# P21W LED Q's



## ANT THE KNEE (Aug 25, 2000)

Purchased some Ebay tail's for my MK4 and now need to run a red bulb because of it's material. I figured why not run a LED bulb and make it brighter. I'm looking for a bulb with multi LED's and found some with 24,25,ETC LED's. Multi directional being the prefernce of coarse also. I know that the bulb is 55W and 12V and figured it pulls a little over 5 amps. So I know it's gotta be less to avoid probs. Found out that i need to run a resistor to avoid "hyper-blinker" or get a upgraded flasher relay also. There's just a few things I think I'm missing though if anyone can help.Thnx
1: Does anyone have info on the relay itself or the resistor that has to be installed?
2: Anyone have experience on use.. I've researched and haven't found any feedback.


----------



## fixmy59bug (Apr 9, 2002)

*Re: P21W LED Q's (ANT THE KNEE)*


_Quote, originally posted by *ANT THE KNEE* »_Purchased some Ebay tail's for my MK4 and now need to run a red bulb because of it's material. I figured why not run a LED bulb and make it brighter. I'm looking for a bulb with multi LED's and found some with 24,25,ETC LED's. Multi directional being the prefernce of coarse also. I know that the bulb is 55W and 12V and figured it pulls a little over 5 amps. So I know it's gotta be less to avoid probs. Found out that i need to run a resistor to avoid "hyper-blinker" or get a upgraded flasher relay also. There's just a few things I think I'm missing though if anyone can help.Thnx
1: Does anyone have info on the relay itself or the resistor that has to be installed?
2: Anyone have experience on use.. I've researched and haven't found any feedback. 

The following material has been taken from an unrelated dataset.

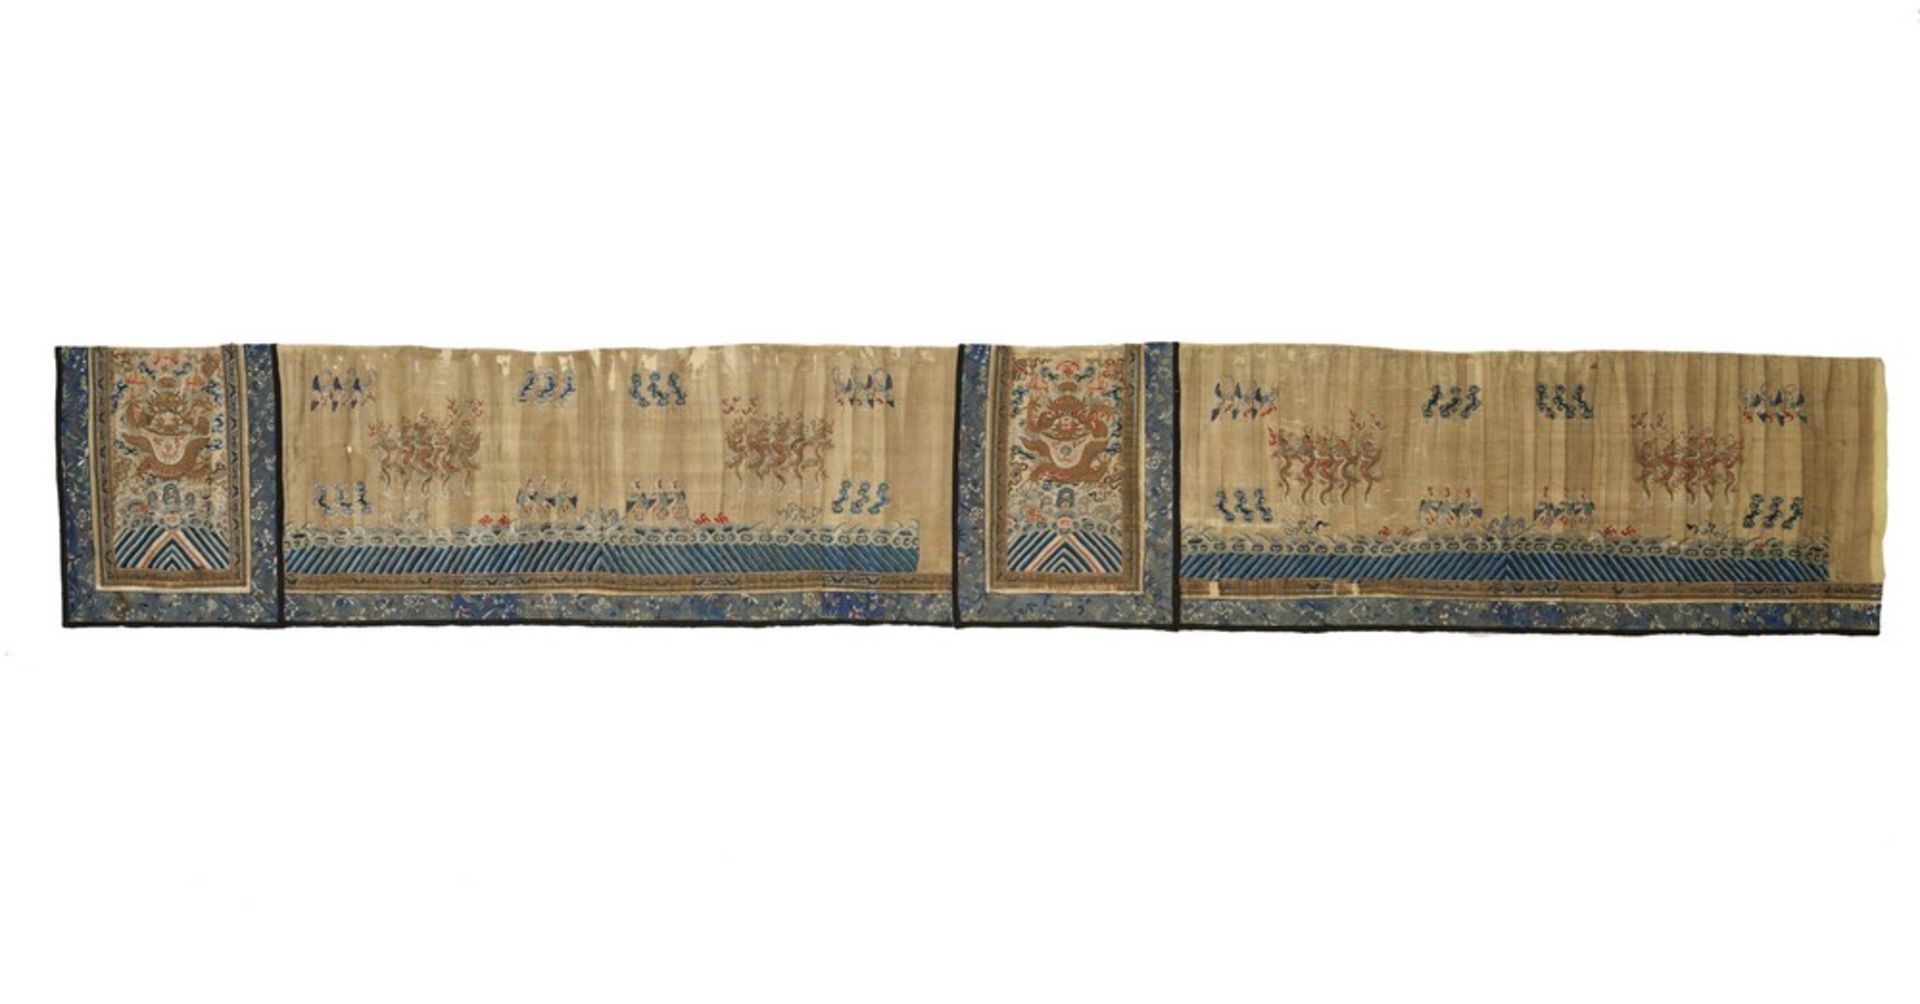 A LARGE EMBROIDERED TEXTILE BAND, QING DYNASTY

You got quite a bit of mis-information in your post there. Lets see if I can straighten some of it out for you.
Most importantly, the brake lights are not 55 watts. They are 21 watts.
Second, Even if they were 55 watts, it is not "a little over 5 amps". 55 watts divided by 12 volts equals 4.58 amps. But since it is only 21 watts, that means the total current draw is actually only 1.75 amps.
Third the typical LED "bulb" replacements that you can buy on Ebay and the like really suck. They typically have really bad output. The so called uni-directional bulbs "might" be better but I have not seen a review of them.
and finally, if you are just looking for LED brake light bulbs, you do not need a load resistor or a special flasher. The brake lights don't flash. the turn signals do. Considering the turn signal relay is built into the hazard switch, you will not find an aftermarket turnsignal flasher relay for it. Noone makes it. So you are down to a load resistor (sometimes called a load equalizer) or custom building LED panels with the right resistance built in.


----------



## ANT THE KNEE (Aug 25, 2000)

*Re: P21W LED Q's (fixmy59bug)*

http://****************.com/smile/emthup.gif Thnx for the info.. i actually realized that it's a 21W bulb after i did some research.. hence p21W







. Anyone know what resistor to put inline? That's going to be the easier route for both tail and blinker. For now i'm goin got put on a red plastic cap(bought @ autozone) on the bulb and see what i get


----------



## nater (Apr 10, 2000)

*FV-QR*

Ant,
Just wait. Any single bulb replacement LED (at this point) isn't doing you any good. You'll realize after you've done all of the work (resistor and special blinker relay) that the light output is going to SUCK - even the ones with multiple LEDs. 
As of right now, your best bet is going to be to buy single small diameter LED's and wire them in - in a group of many - as a retrofit. A bit more work but a much more *real* oem look.


----------



## fixmy59bug (Apr 9, 2002)

*FV-QR*

ANT, for an example of what Nater is talking about when he says buying small diameter LED's and wiring in a group of many, May I refer you to my build thread:
http://forums.vwvortex.com/zerothread?id=4054742
If you want more technical information about building LED panels and all that stuff, I refer you to Hidplanet.com
You will find an LED specific forum where you can learn LOTS of information.
For example, Standard 3mm and 5mm "dome" shaped are useless for automotive use. There are "high power" dome LED's but their stability is on the lower end of the quality scale.
For the best LED's for brake light use, you want 70mA superflux Red-Orange LED's.
But you can find more information on HID Planet.


----------



## ANT THE KNEE (Aug 25, 2000)

*Re: FV-QR (fixmy59bug)*

Thanks for the reply guys..i was thinking that the lighting forum was like a ghost town







. I'm going to do some more research and see what's the best looking result. I will probably give those multi directional led's a shot since it's pretty cheap and noone has experience with how the'll look. I'll take some pics of tail and etc over the next few days. I think i should have held out for the hella magic colours instead of the ebay's


----------